### Decision Tree

1. What is a Decision Tree, and how does it work in the context of
classification?
- A decision tree is a flowchart-like model that splits data into subsets using feature-based yes/no questions to reach a prediction at leaf nodes. For classification, it recursively chooses the feature and threshold that best separate classes (e.g., information gain), creating internal decision nodes and branches until stopping criteria are met (like max depth, min samples, or pure leaves). At inference, a sample traverses the tree by following the rules at each node, and the leaf’s majority class (or class probability from class counts) becomes the predicted label. Pruning and regularization (depth limits, min samples per split/leaf) help prevent overfitting, while ensembles like Random Forests and Gradient Boosted Trees improve accuracy and robustness.

2. Explain the concepts of Gini Impurity and Entropy as impurity measures.
How do they impact the splits in a Decision Tree?
- Gini impurity and entropy both quantify how mixed the class labels are within a node. Gini impurity measures the probability of misclassification if a label is randomly assigned according to class frequencies: Gini = 1 − Σ p(k)^2, favoring splits that create nodes with high class purity and is slightly biased toward larger class separations with faster computation.

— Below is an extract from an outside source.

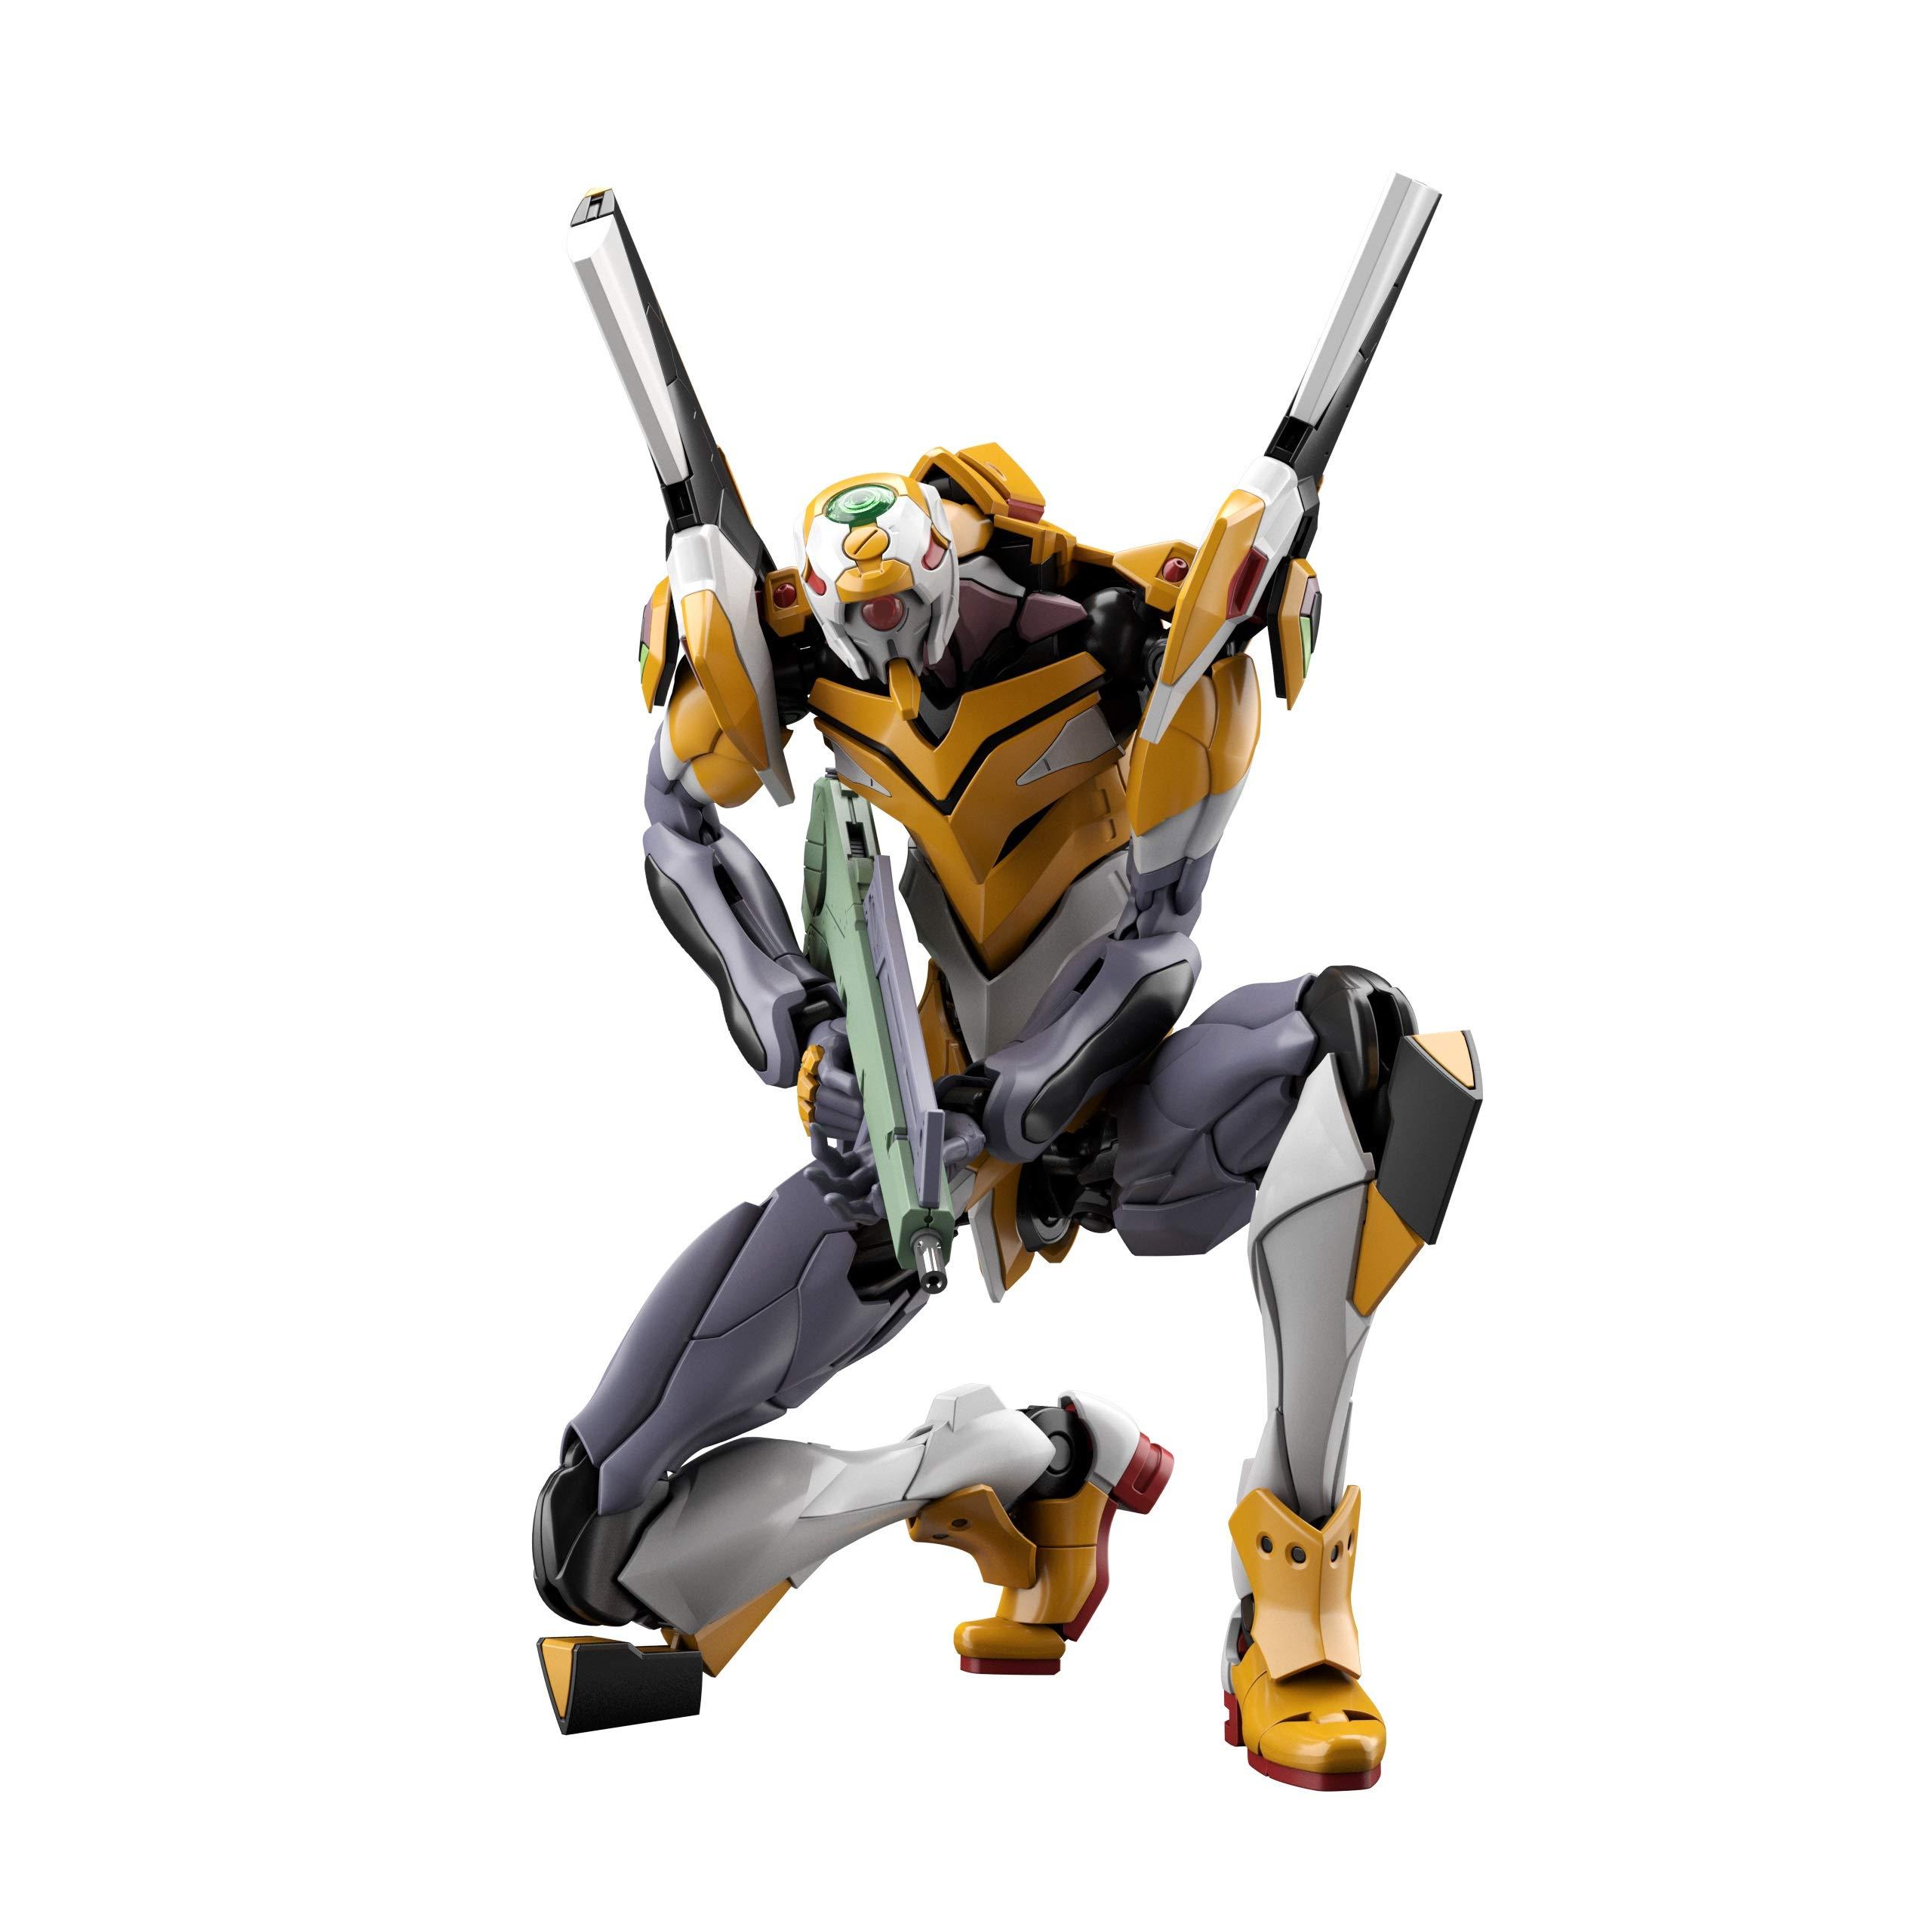 『RG 汎用ヒト型決戦兵器 人造人間エヴァンゲリオン試作零号機』が6月に発売!【プラモデル】

- Entropy from information theory measures uncertainty: Entropy = −Σ p(k) log2 p(k), and information gain is the reduction in entropy after a split.

- In decision trees, the algorithm evaluates candidate splits and selects the one that yields the largest impurity reduction (highest Gini decrease or highest information gain), producing purer child nodes; both typically select similar splits, though entropy can be more sensitive to changes near perfectly balanced mixes, while Gini is computationally simpler and often preferred in practice.

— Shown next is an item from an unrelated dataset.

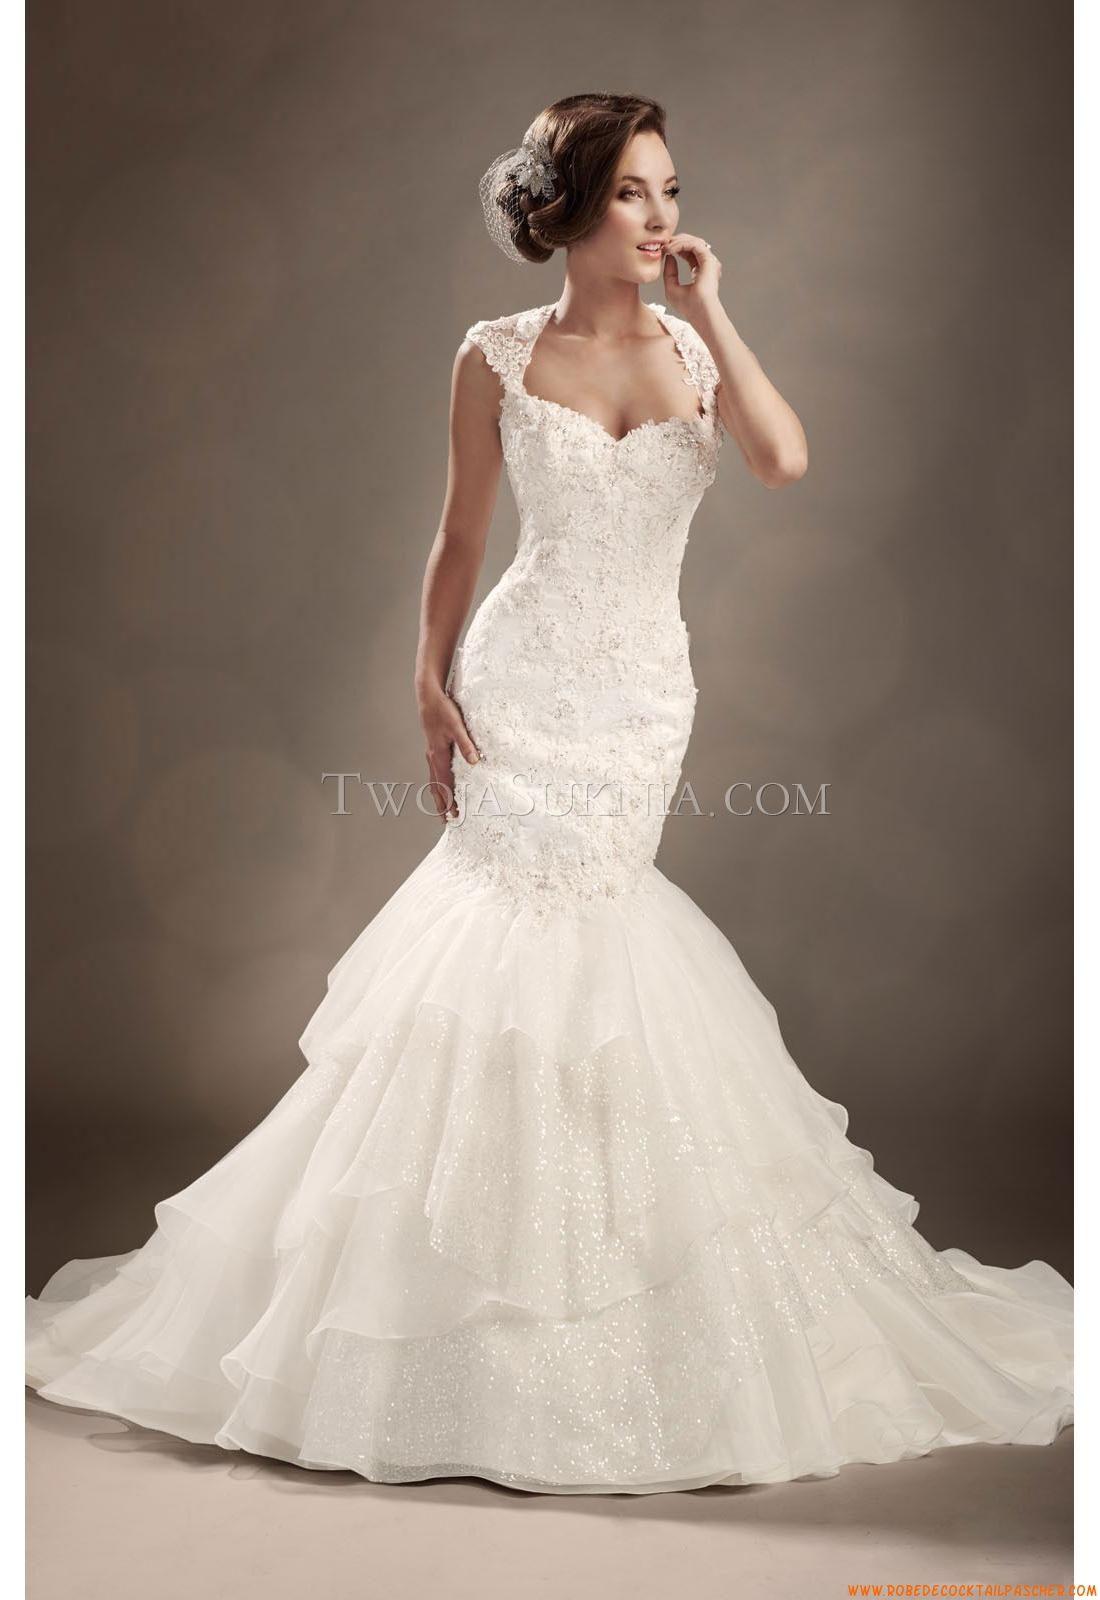 10 Robe De Mariée Sophia Tolli Ideas Sophia Tolli Wedding Dresses Bridal Gowns Designer Wedding Dresses

3. What is the difference between Pre-Pruning and Post-Pruning in Decision
Trees? Give one practical advantage of using each.
- Pre-pruning halts tree growth during training using constraints like max depth, min samples per split/leaf, or min impurity decrease, preventing overly specific splits from ever forming; its practical advantage is faster training/inference with lower risk of overfitting on small datasets. Post-pruning first grows a large tree and then trims back branches based on validation performance or complexity penalties (e.g., reduced error pruning, CCP/α), merging subtrees that don’t improve generalization; its practical advantage is typically better accuracy–complexity trade-offs because pruning decisions use global, data-driven evaluation rather than local stopping rules.

4. What is Information Gain in Decision Trees, and why is it important for
choosing the best split?
- Information Gain is the reduction in impurity (uncertainty) achieved by splitting a node, typically measured using entropy: IG(parent, split) = Entropy(parent) − weighted sum of Entropy(children). It quantifies how much a feature/threshold improves class purity, so the tree chooses the split with the highest information gain to most effectively separate classes. This leads to purer child nodes, shorter trees, and better generalization by prioritizing splits that reveal the most informative structure in the data.

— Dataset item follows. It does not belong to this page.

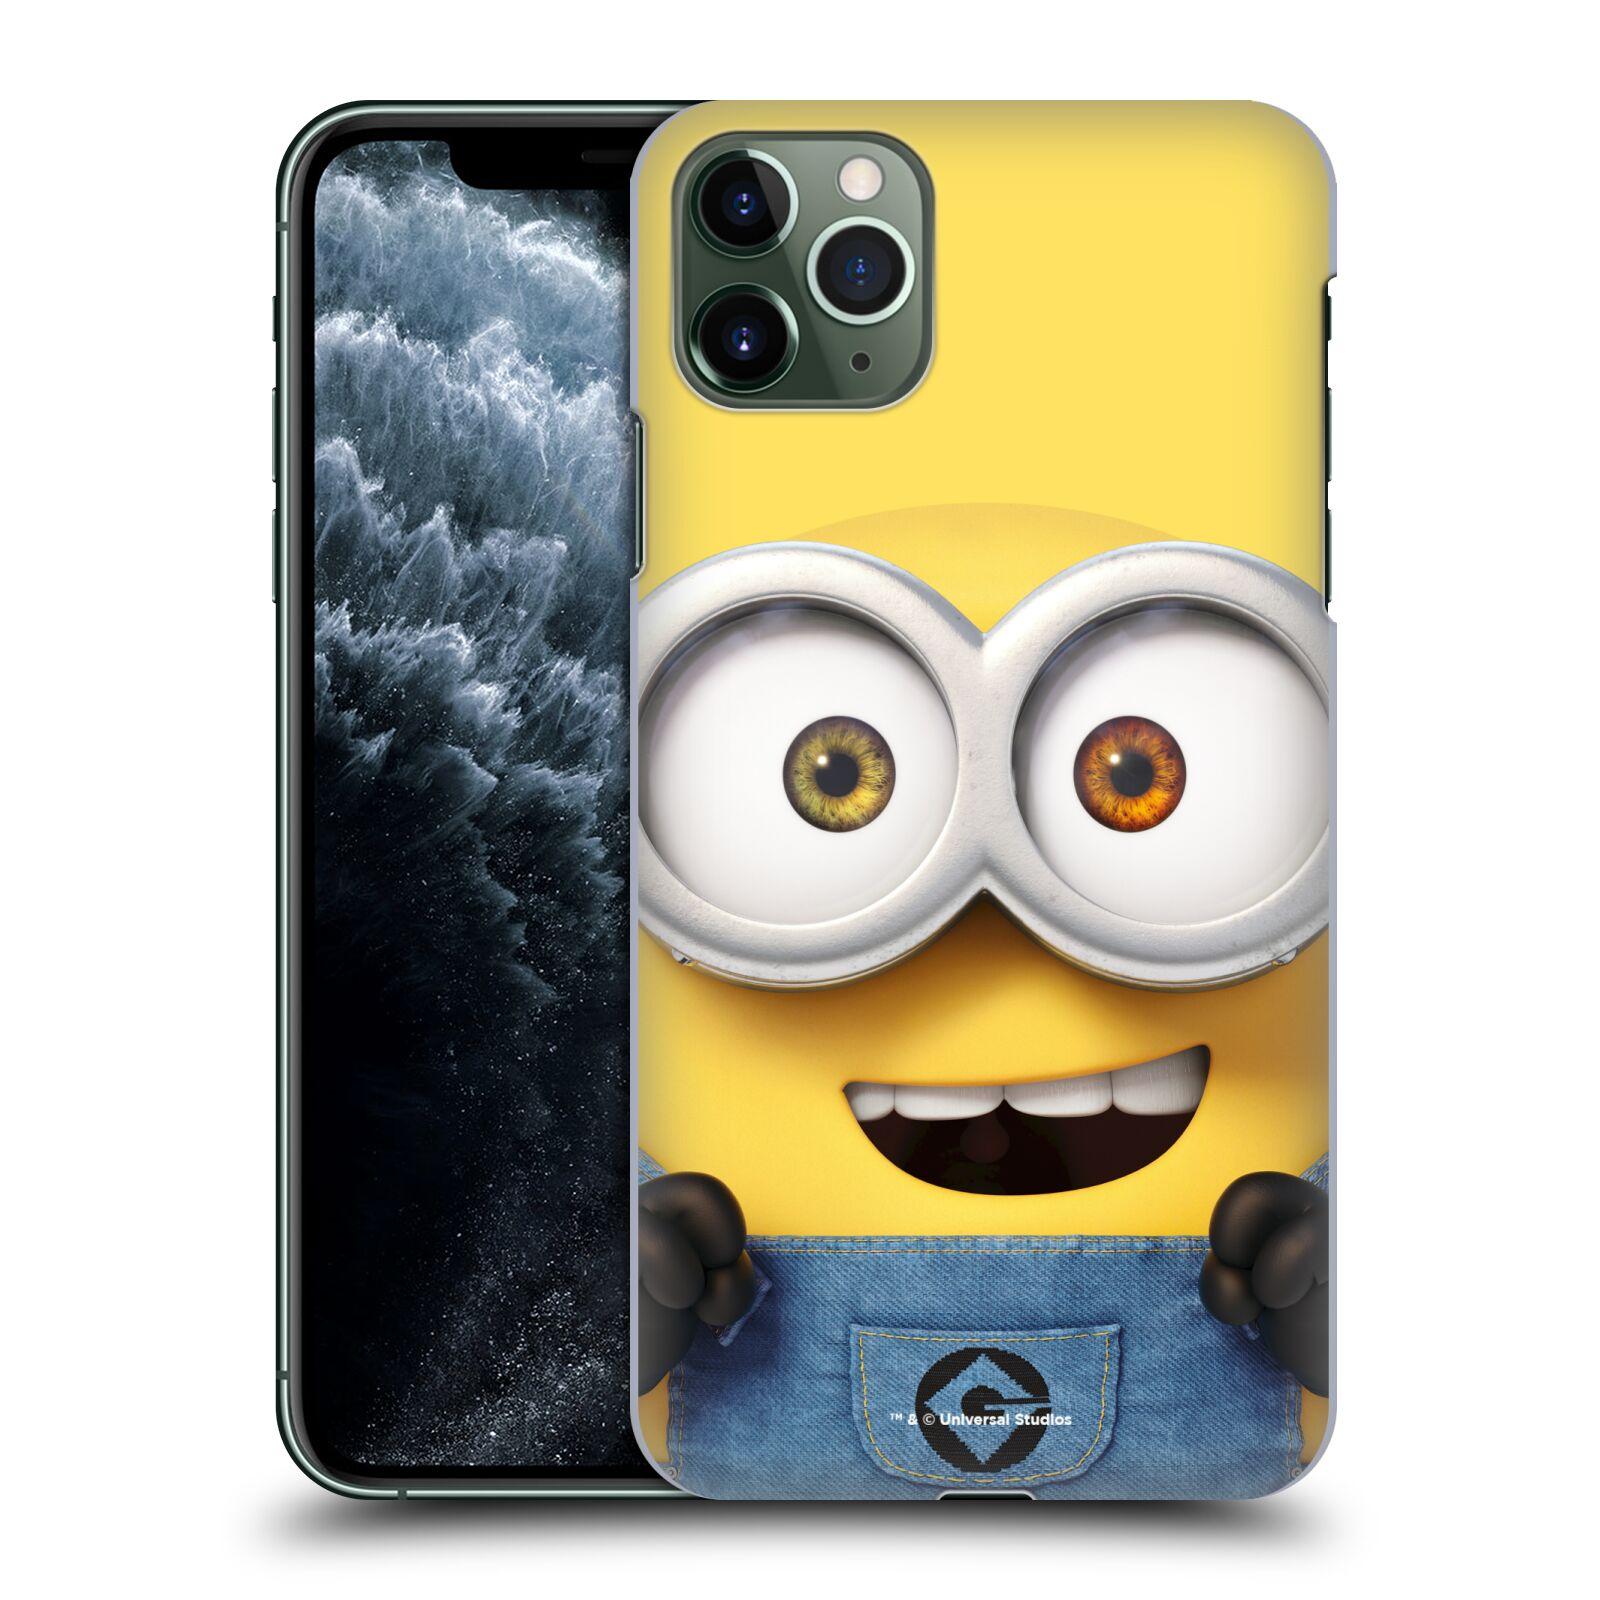 Plastové pouzdro na mobil Apple iPhone 11 Pro Max - Head Case - Mimoň Bob z filmu Já, padouch - Despicable Me

5. What are some common real-world applications of Decision Trees, and
what are their main advantages and limitations?
- Decision trees are widely used in real-world applications such as medical diagnosis (classifying diseases), credit scoring, customer churn prediction, fraud detection, and decision support systems. Their main advantages include interpretability (easy-to-understand logic), ability to handle both numerical and categorical data, and minimal data preprocessing requirements. However, they can easily overfit, especially on noisy data, and are sensitive to small changes in the data, potentially leading to unstable trees. Additionally, decision trees may struggle with modeling complex, non-linear relationships compared to ensemble or deep learning methods.

In [2]:
""" 6. Write a Python program to:
● Load the Iris Dataset
● Train a Decision Tree Classifier using the Gini criterion
● Print the model’s accuracy and feature importances """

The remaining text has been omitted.